Раза три онъ невольно прислушивался. Все было тиховъ домикѣ, только храпъ Анисьи съ веселымъ присвистомъ долеталъ до него.
На другой день утро было свѣтлое, солнечное, свѣжее отъ сырой земли, блестящее отъ обильной росы и дождя, который серебромъ разсыпался по деревьямъ и травѣ и весело сіялъ въ лучахъ восходящаго солнца. Здоровый, влажный, грудь ласкающій воздухъ пахнулъ Фенѣ въ личико, когда она тихимъ шагомъ вышла изъ домика. Быстро пробѣжавъ еще полусонныя улицы, она вышла въ поле. Впереди темнѣлъ густой лѣсъ; солнечные лучи еще не пронизали его.
Все улыбалось, радовалось, сіяло и блестѣло вокругъ, надъ всѣмъ спокойно и тихо развернулось чистое, синее небо.
Феня остановилась, оглядѣлась. Посмотрѣла на лѣсъ, гдѣ запряталась въ чащѣ ея Манжажа, потомъ повернулась лицомъ къ дачамъ. Краска набѣжала на ея горячія щеки. Она, отвернулась опять, и среди этой словно смѣющейся и празднично пріодѣвшейся природы, Феня грустно склонила голову на грудь, тихо опустилась на землю и забылась подъ натискомъ пестрой кучи мыслей и воспоминаній. Быстро мѣнялось ея личико, нагнутое къ землѣ; вотъ стала она сумрачна, вотъ засвѣтились глазки, и она улыбнулась, и тутъ же, вслѣдъ за улыбкой, крупныя слезы покатились по лицу.
Долго сидѣла она, переворачивая въ головѣ цѣлый грузъ рвавшихся мыслей.
Чрезъ часа четыре Волинъ посвистывалъ въ корридорѣ. Анисья подавала ему умываться и все заглядывала ему въ лицо, какъ бы желая заговорить и освѣдомляясь, въ какомъ духѣ баринъ. Волинъ заговорилъ первый:
— Уѣдетъ, Анисьюшка, нашъ бѣлоручка — заживемъ мы съ тобой — во какъ! Танцы даже устроимъ, ей-богу, смѣясь проговорилъ онъ.
— Ну, ужь! недовольно отозвалась эта.
— Чего?
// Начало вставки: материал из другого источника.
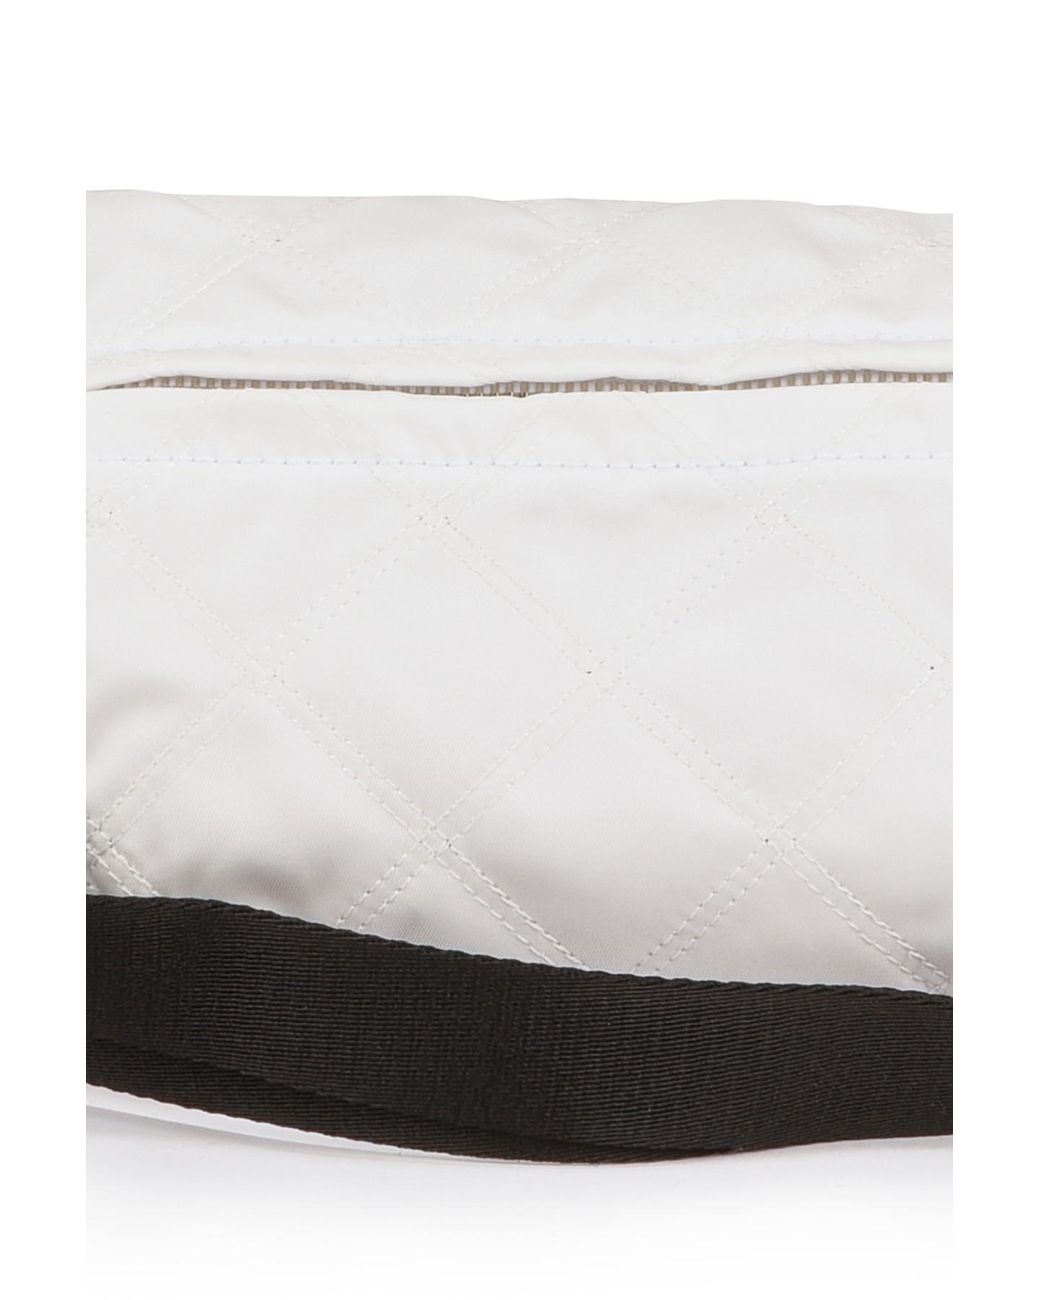 Shop MONCLER Felicie Belt Bag (I109B5M00001M2947999) by viaconiglio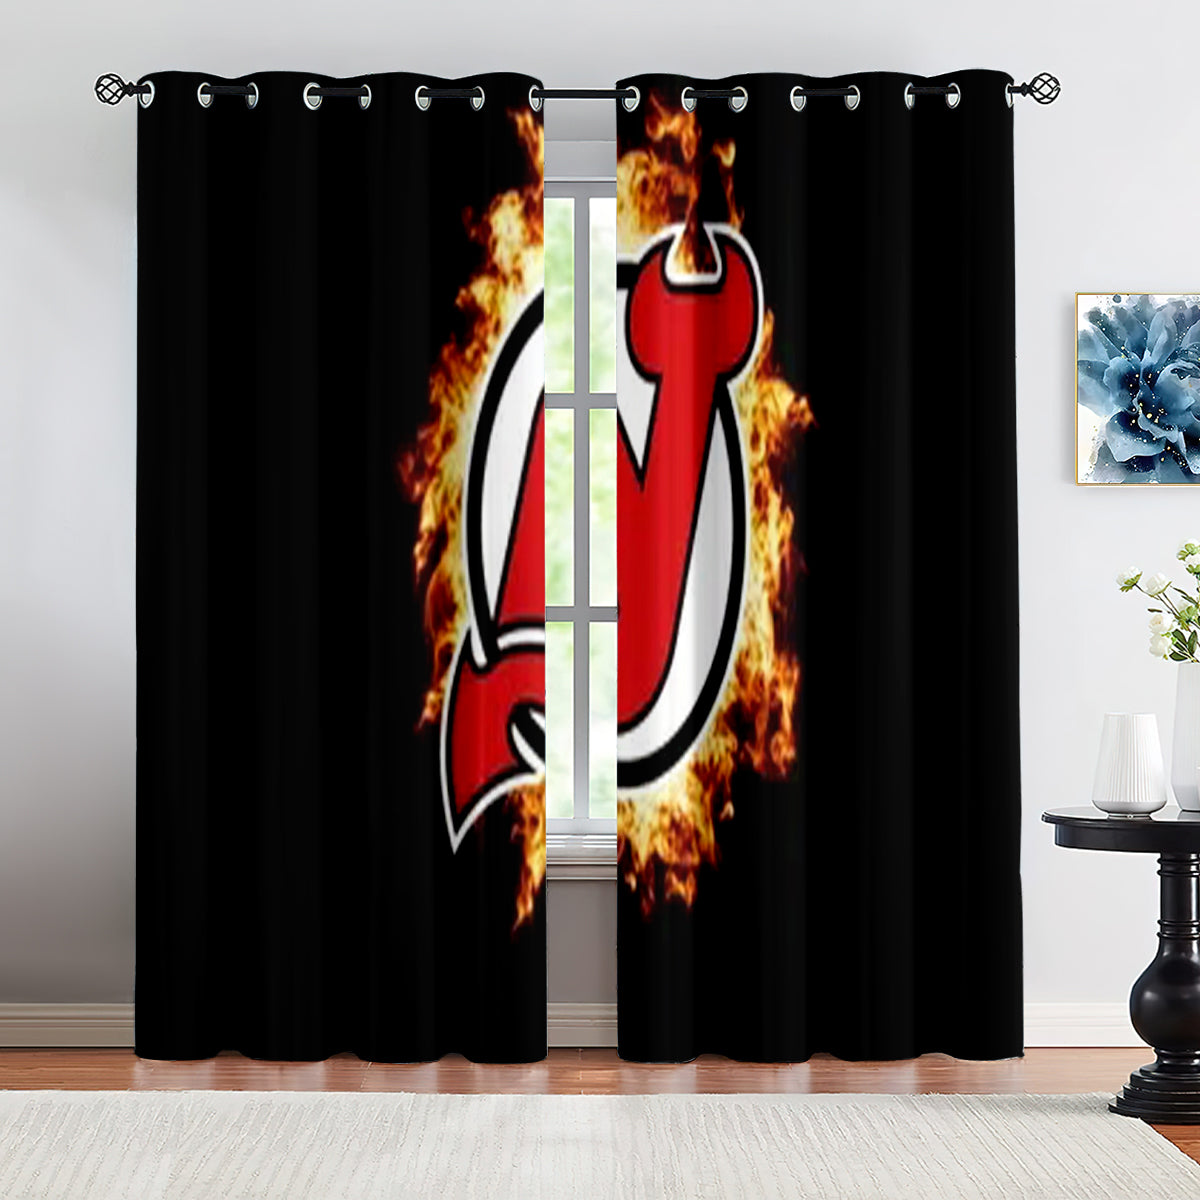 New Jersey Devils Hockey League Blackout Curtains Drapes For Window Treatment Set

Али не нравится?
Анисья молчала и сумрачно глядѣла въ лохань.
— Что-жь молчишь-то, другъ любезный?
— Ужь и какъ, право, Господь это… Извѣстно, милостивъ онъ, батюшка нашъ небесный.
Волинъ поглядѣлъ ей въ лицо.
— Да ты это на счетъ то-есть чего?
— И какъ онъ, говорю, батюшка, грѣхамъ только терпитъ. Ей-богу, право!
— Твоимъ-то? Правда, что диво!
— Моимъ! Нѣтъ, ужь надо полагать не моимъ, а то-ись вашимъ — вотъ что, баринъ хорошій.
И Анисья съ упрекомъ прикрыла мыльницу крышкой; Волинъ самодовольно разсмѣялся.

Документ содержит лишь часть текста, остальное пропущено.